We check out the action adventure game based on the popular fantasy novel.
During the recent Sierra press event in Palm Springs we had an opportunity to check out a work-in-progress Xbox 360 version of Eragon. Currently scheduled for release in December, Eragon is an aerial combat game that will follow the storyline of the upcoming Stefen Fangmeier movie (based on the books of Christopher Paolini) of the same name. Eragon is a fantasy adventure film set in the land of Alagaesia, which was protected by powerful dragon riders (think Jedi) for thousands of years until one of them (think Darth Vader) turned bad, convinced others to join him, and anointed himself king.
In Eragon the game, you'll assume the role of the movie's titular hero: a young farm boy (think Luke Skywalker) who goes walking in the forest and finds what he believes to be a polished blue stone. The emergence of a dragon hatchling from the stone some time later makes it clear that the stone was in fact an egg, and when Eragon realizes that he shares a telepathic bond with the dragon--named Saphira--he decides to become a dragon rider and save the empire. One of the most interesting features of the game is that Eragon is never without a companion--whether it be his mentor Brom, the mysterious swordsman Murtagh, or Saphira--and all three of those characters can be controlled by a second player in cooperative mode. On this occasion, though, we were playing solo, which meant that the aforementioned companions--the human ones at least--were controlled by the CPU.
The first level that we checked out took place in a lush forest complete with waterfalls and a fast-flowing river that Eragon and Murtagh were wading through when they were ambushed by urgals. These troll-like creatures were armed with a variety of melee weapons and weren't at all shy about attacking in numbers. Fortunately, Eragon's combat controls are easy to pick up, and so we had no problem defending ourselves using a combination of quick attacks, strong attacks, jump attacks, grapples, combos, and special finishing moves. The dodge and evade commands came in very handy when we got embroiled in a fight with two or three urgals simultaneously, and when an enemy appeared on a hill above us and started firing flaming arrows in our direction, a flashing blue icon on the screen told us that we had the option to call Saphira down from the skies to take care of him in cinematic fashion.

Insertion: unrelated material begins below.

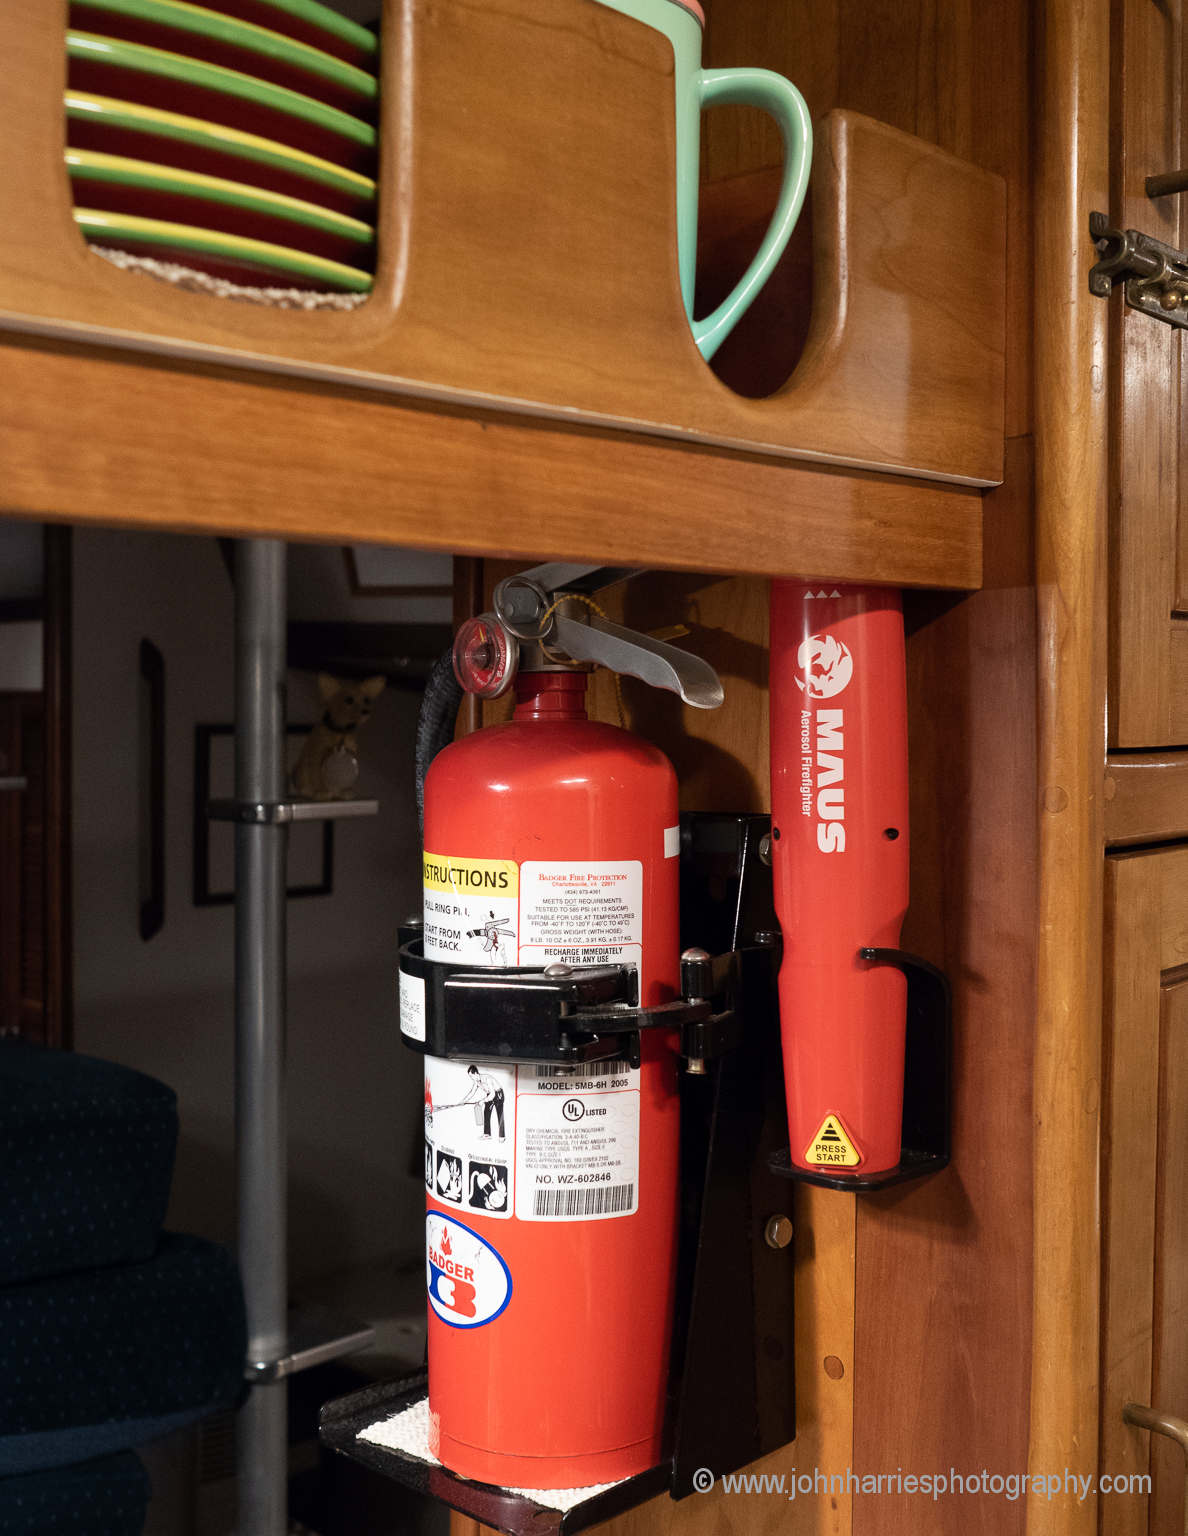 Maus Fire Extinguishers—A Breakthrough?

Next up was a level set in what appeared to be the ruins of a desert temple, where we encountered our first kull. Standing around three times as tall as Eragon and his companion, the kull is a powerful ogre-like enemy large enough that you can climb onto it during a fight. We even watched a Sierra representative who was playing the game "ride" on the shoulders of a kull and steer it off the edge of a cliff to its doom--leaping off the beast to safety just before it fell. The kull's demise was a perfect segue into the next level that we checked out, in which our heroes were attacked by a gang of urgals while climbing a mountain path. The level felt quite different from the two that we'd seen previously, simply because so much of our movement around it was vertical rather than horizontal. All of the on-foot levels that we saw during our time with the game appeared to be heavily combat-based, but we're told that a number of gameplay sequences will involve stealth and/or puzzle-solving.
Adding even more variety to the proceedings in Eragon are four levels (one of them exclusive to the Xbox 360 version) in which you'll be flying around on Saphira's back. Early in the game, the dragon's main method of attack will be to whip enemies with her tail, but in the level that we played she had matured enough to breathe fire, which was particularly effective against the enemies who had foolishly taken up positions in oil fields. Our route around the level was set on a predetermined path, but we had plenty of freedom to move around within it to target enemies and to avoid the fire from their bows, catapults, and trebuchets. In addition to Saphira's attacks, the moves in our arsenal included a screen-blurring speed boost, a magical shield, and Eragon's ability to launch mystical arrows.
Eragon is shaping up to be an enjoyable action adventure game that should appeal to fans of the genre, of the fiction, and of the upcoming movie. We look forward to bringing you more information on the game soon.